Pati has gone from being a shy woman to being an example of kindness and friendship.  -Photo by Elizabeth Kerin
Pati has gone from being a shy woman to being an example of kindness and friendship.
-Photo by Elizabeth Kerin

“A month after I started working here, I went to a baseball game with my husband and some UD students who were there had to introduce themselves to him because I didn’t know their names. From that point on I knew I had to learn who the people were around me and I wanted to, and I have made it a point ever since,” she said.

Ms. Pati has become an icon of the UD cafeteria and she attributes this to the kindness that has been shown to her by the UD community. She now uses her stature to reach out to as many students as possible in order to make a difference in a community that she credits for so much of her own personal growth.

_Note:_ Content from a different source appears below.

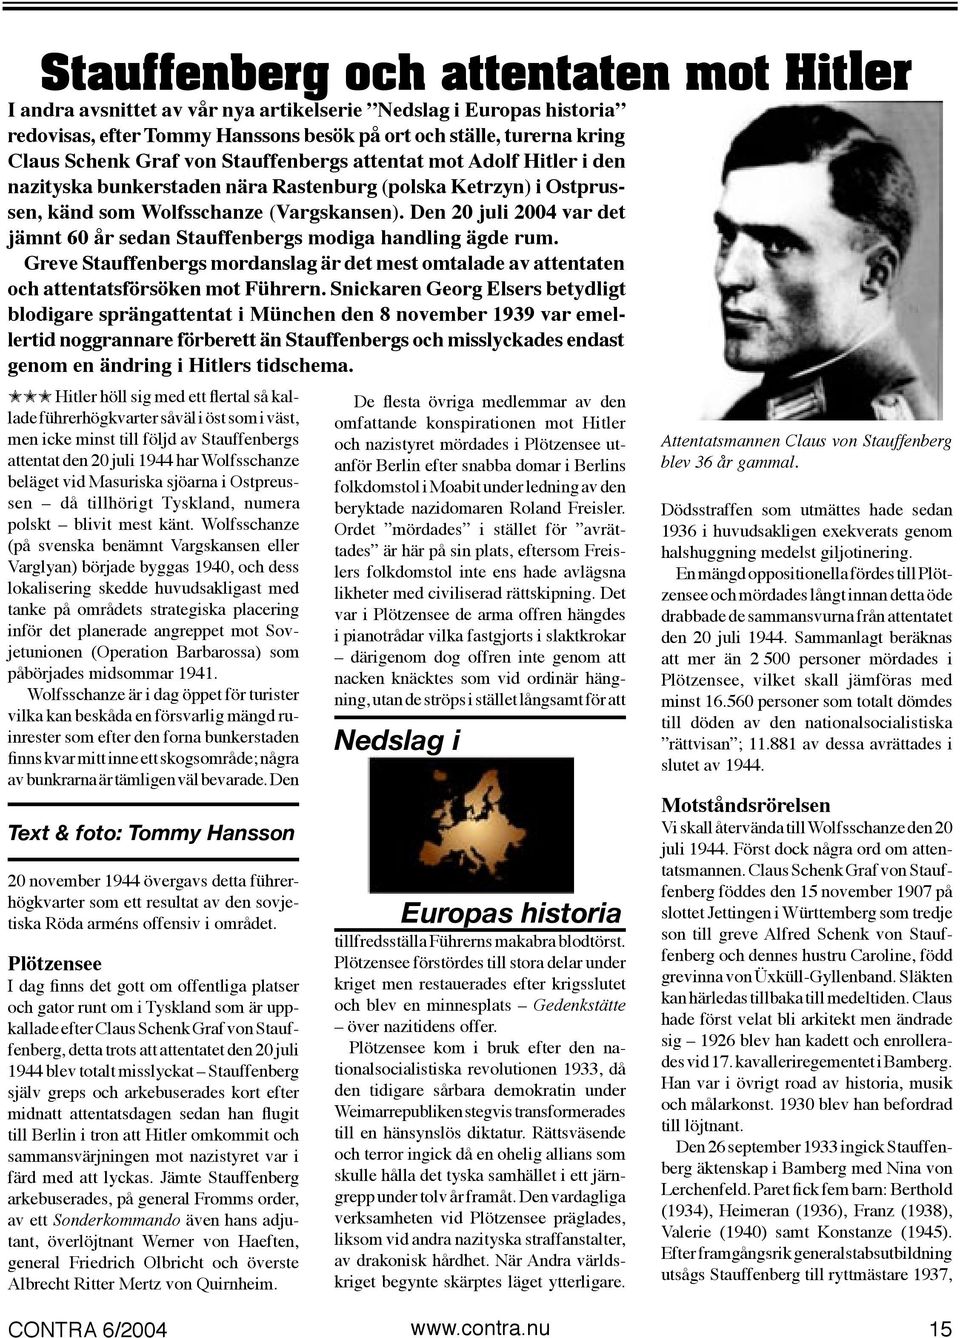 Den 20 juli 2004 var det jämnt 60 år sedan Stauffenbergs modiga handling ägde rum. Greve Stauffenbergs mordanslag är det mest omtalade av attentaten och attentatsförsöken mot Führern.

“Everyone here has treated me so well and I feel that I want to give back to this place,” she said. “Sometimes when I think about it I get emotional. The kids here help me to be a better person; they have completely enriched and nourished me in every way.”

As a mother to a son with Asperger’s syndrome, she stresses the importance of spreading unconditional kindness to everyone.

“You never know what someone is going through, so I try to read people,” she said. “Reading their reactions and their moods is important in order to get to know them and I try to lighten the mood when I see someone is having a difficult time and ask how they are really doing.”

Surprisingly, one of Ms. Pati’s biggest pet peeves is something that she encounters from students every day.

“I know it is proper grammar, but when I ask someone how they are doing, I don’t want to hear that they are ‘doing well,’” she said. “I want their honest answer whether [they] are doing awesome or having a difficult day. That’s how you really get to know someone.”

The message she wants to drive home to the UD community is to “pay it forward.” It is a mantra that we should all embody, one that we should all spread.

“I want to encourage students to make a new friend, to sit with someone who is eating alone, to smile at everyone and to pay it forward,” she said. “You never know what that could lead to.”